Spring Boot
Request Body
@RequestBody binds the HTTP request body to a method parameter, deserializing it from JSON (or XML) into a Java object using Spring's HttpMessageConverters. It is the standard mechanism for receiving structured data in POST, PUT, and PATCH requests — and works in tandem with Bean Validation to reject malformed or invalid payloads before they reach service code.
@RequestBody Basics
@RequestBody instructs Spring to read the entire HTTP request body and deserialize it into the declared parameter type. Jackson's ObjectMapper handles JSON deserialization by default — no extra configuration is needed when spring-boot-starter-web is on the classpath. The Content-Type header must match a supported media type, and the body must be valid JSON (or the configured format) or Spring returns 400.
Java
@RestController
@RequestMapping("/users")
public class UserController {
// ── Basic @RequestBody — deserializes JSON body into the DTO ───────
@PostMapping
public ResponseEntity<UserResponse> create(
@RequestBody CreateUserRequest request) {
// POST /users
// Content-Type: application/json
// Body: { "name": "Alice", "email": "alice@example.com" }
//
// Spring reads the body → Jackson maps JSON → CreateUserRequest instance
UserResponse created = userService.create(request);
return ResponseEntity.status(HttpStatus.CREATED).body(created);
}
// ── PUT — full replacement ─────────────────────────────────────────
@PutMapping("/{id}")
public UserResponse update(
@PathVariable Long id,
@RequestBody UpdateUserRequest request) {
return userService.update(id, request);
}
// ── PATCH — partial update ─────────────────────────────────────────
@PatchMapping("/{id}")
public UserResponse patch(
@PathVariable Long id,
@RequestBody PatchUserRequest request) {
return userService.patch(id, request);
}
// ── Deserialize into a Map — when structure is dynamic ────────────
@PostMapping("/dynamic")
public ResponseEntity<Void> handleDynamic(
@RequestBody Map<String, Object> payload) {
String name = (String) payload.get("name");
dynamicService.process(payload);
return ResponseEntity.accepted().build();
}
// ── Deserialize into a List ────────────────────────────────────────
@PostMapping("/batch")
public List<UserResponse> createBatch(
@RequestBody List<CreateUserRequest> requests) {
return userService.createBatch(requests);
}
}Validation with @Valid and @Validated
Add @Valid (JSR-380) or @Validated (Spring) alongside @RequestBody to trigger Bean Validation on the deserialized object.
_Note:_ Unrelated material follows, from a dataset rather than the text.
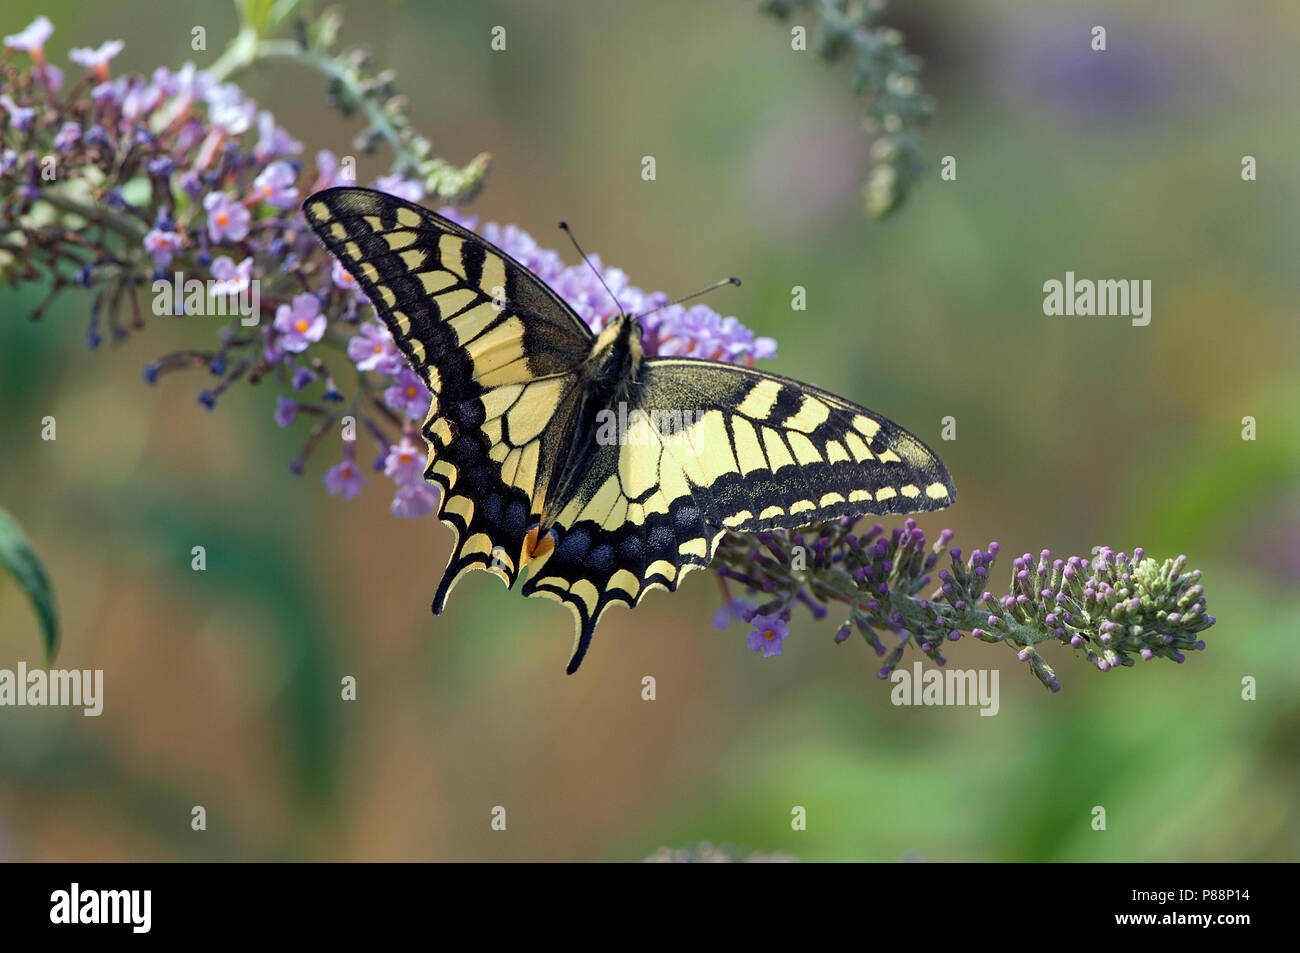 Koninginnenpage op Buddleja / Swallowtail on Buddleja (Papilio machaon) Stock Photo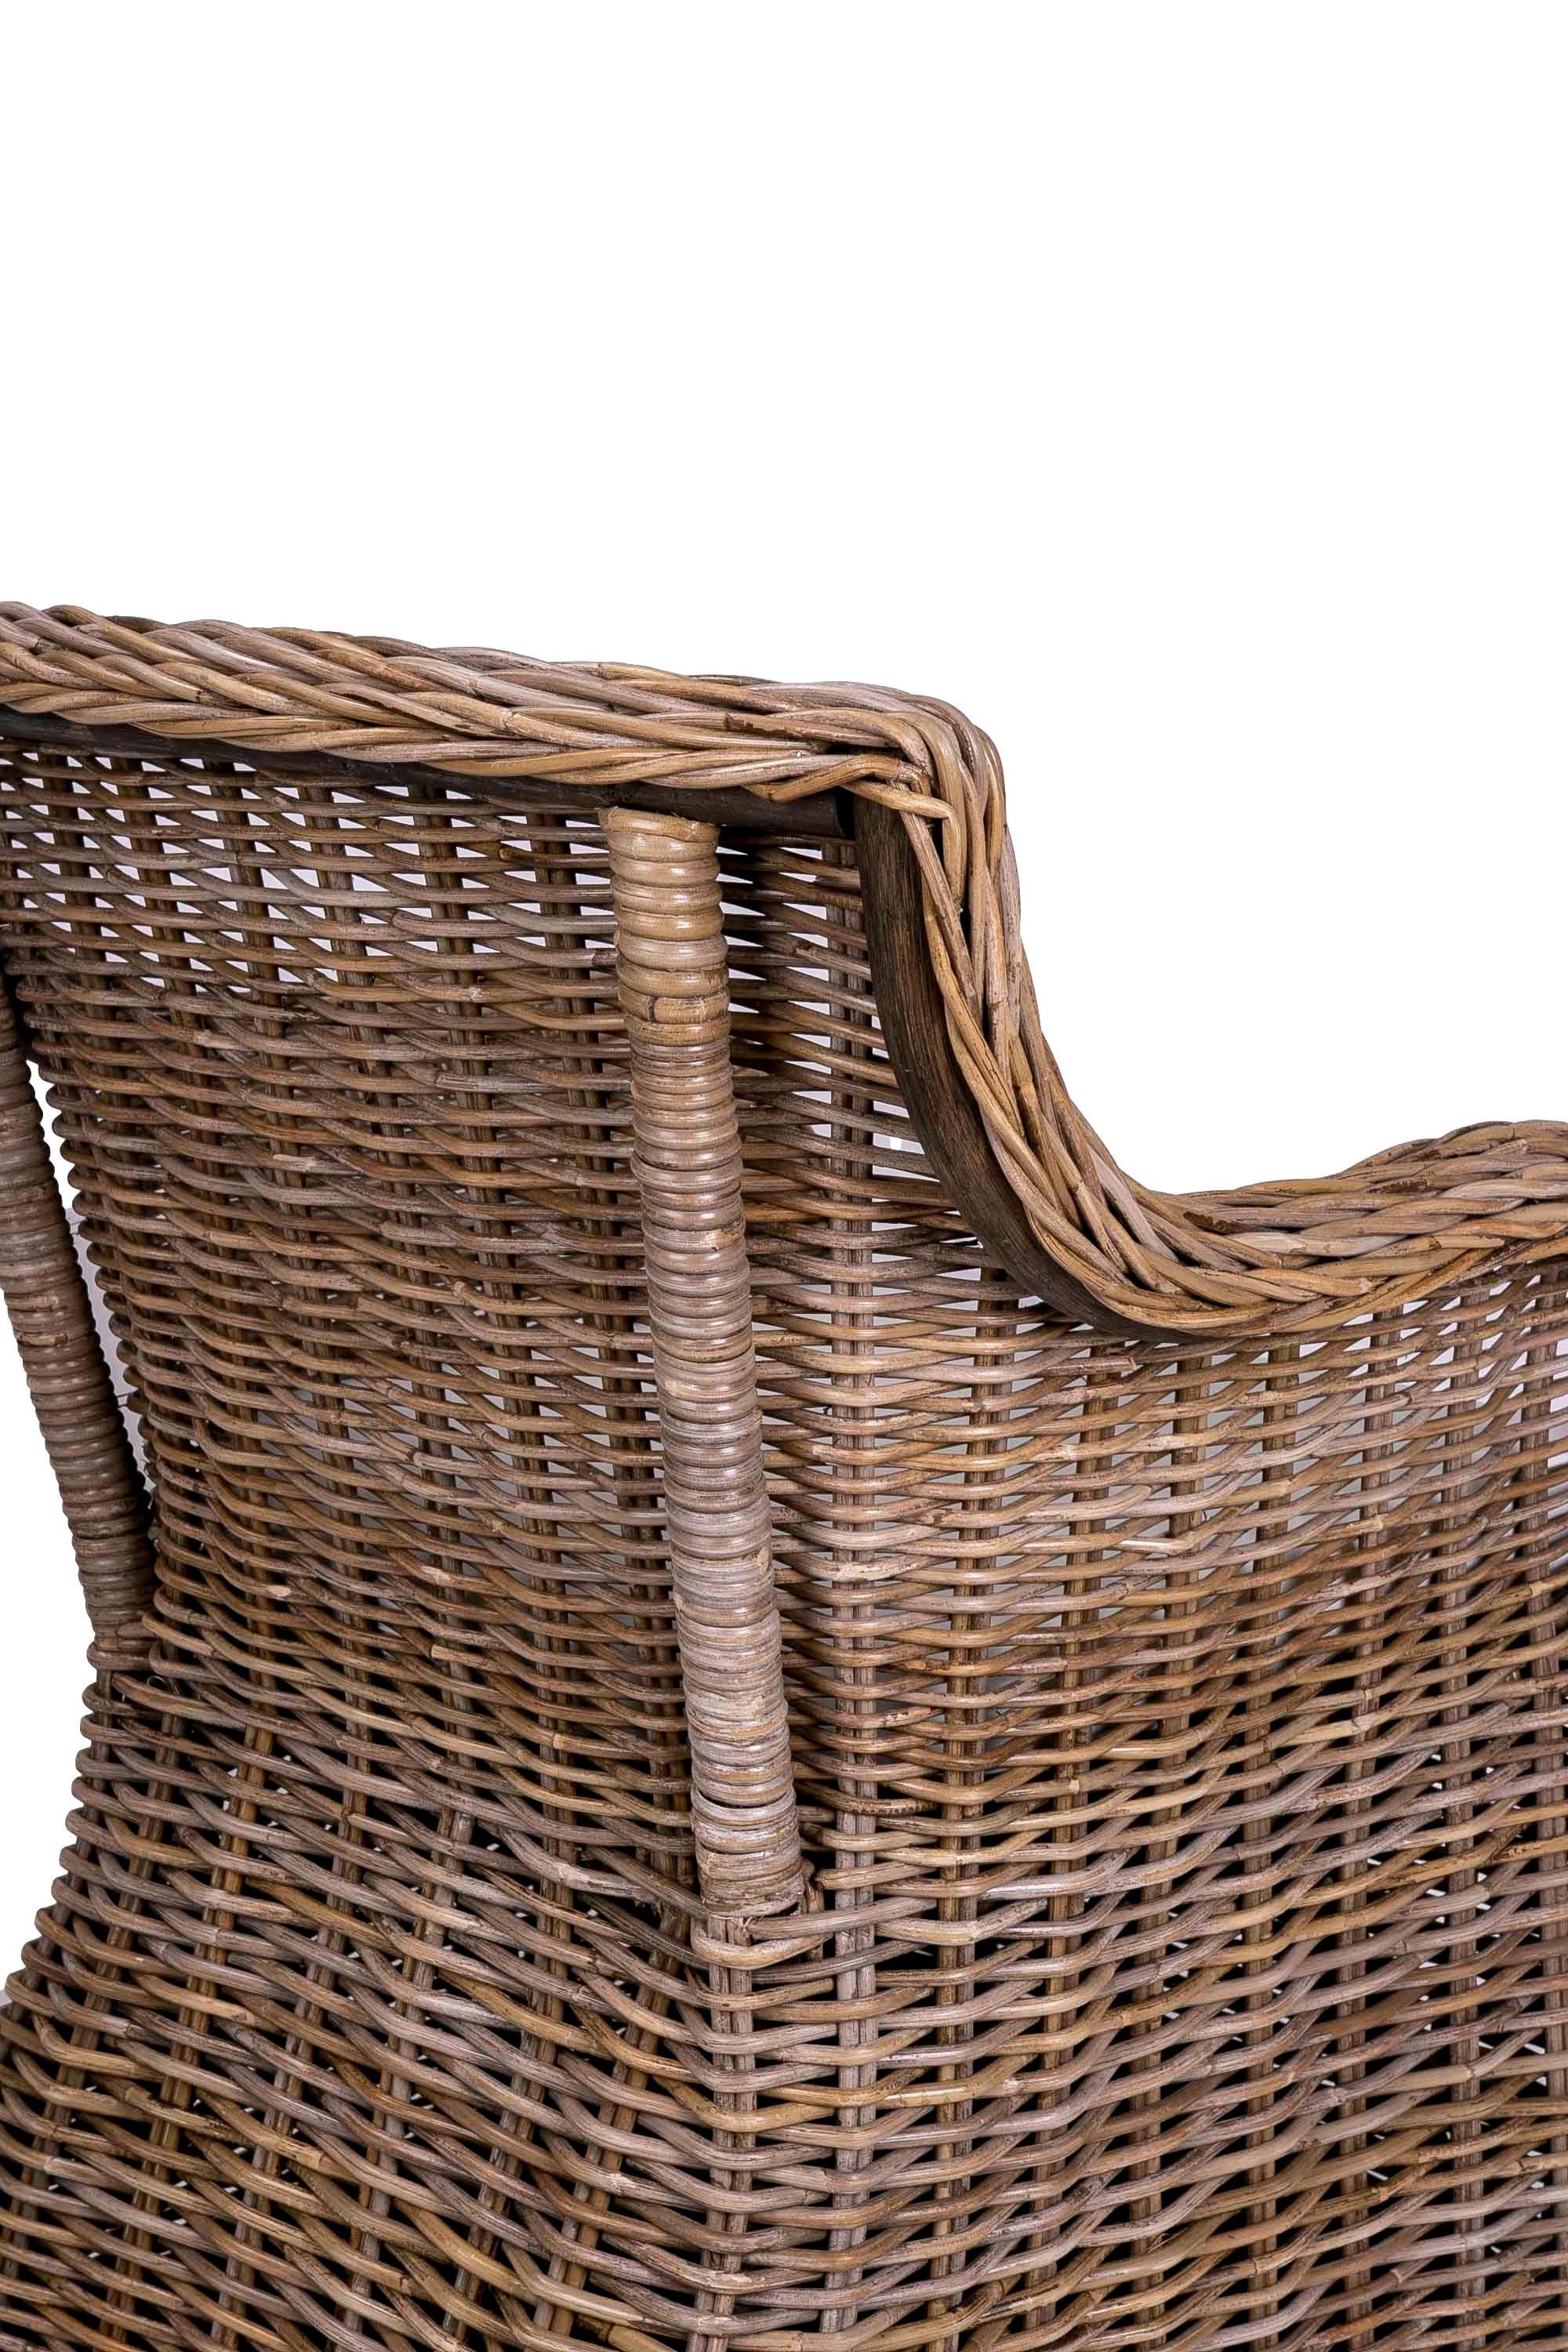  Rattan Garden Chair with Cushion in Greyish Tone For Sale 7

Validation runs after deserialization — a structurally invalid JSON body fails at deserialization (400), while a structurally valid but semantically invalid body fails at validation (also 400, but with field-level detail).
Java
// ── DTO with validation constraints ──────────────────────────────────
public record CreateUserRequest(
@NotBlank(message = "Name is required")
@Size(min = 2, max = 100, message = "Name must be 2-100 characters")
String name,
@NotBlank(message = "Email is required")
@Email(message = "Must be a valid email address")
String email,
@NotNull(message = "Role is required")
User.Role role,
@Valid // cascade into nested object
@NotNull
AddressRequest address
) { }
public record AddressRequest(
@NotBlank String street,
@NotBlank String city,
@NotBlank @Size(min = 2, max = 2) String countryCode
) { }
// ── Controller — @Valid triggers validation after deserialization ──────
@RestController
@RequestMapping("/users")
public class UserController {
@PostMapping
public ResponseEntity<UserResponse> create(
@RequestBody @Valid CreateUserRequest request) {
// If validation fails → MethodArgumentNotValidException
// → handled by @RestControllerAdvice → 400
return ResponseEntity.status(201).body(userService.create(request));
}
}
// ── Global handler for validation failures ────────────────────────────
@RestControllerAdvice
public class GlobalExceptionHandler {
@ExceptionHandler(MethodArgumentNotValidException.class)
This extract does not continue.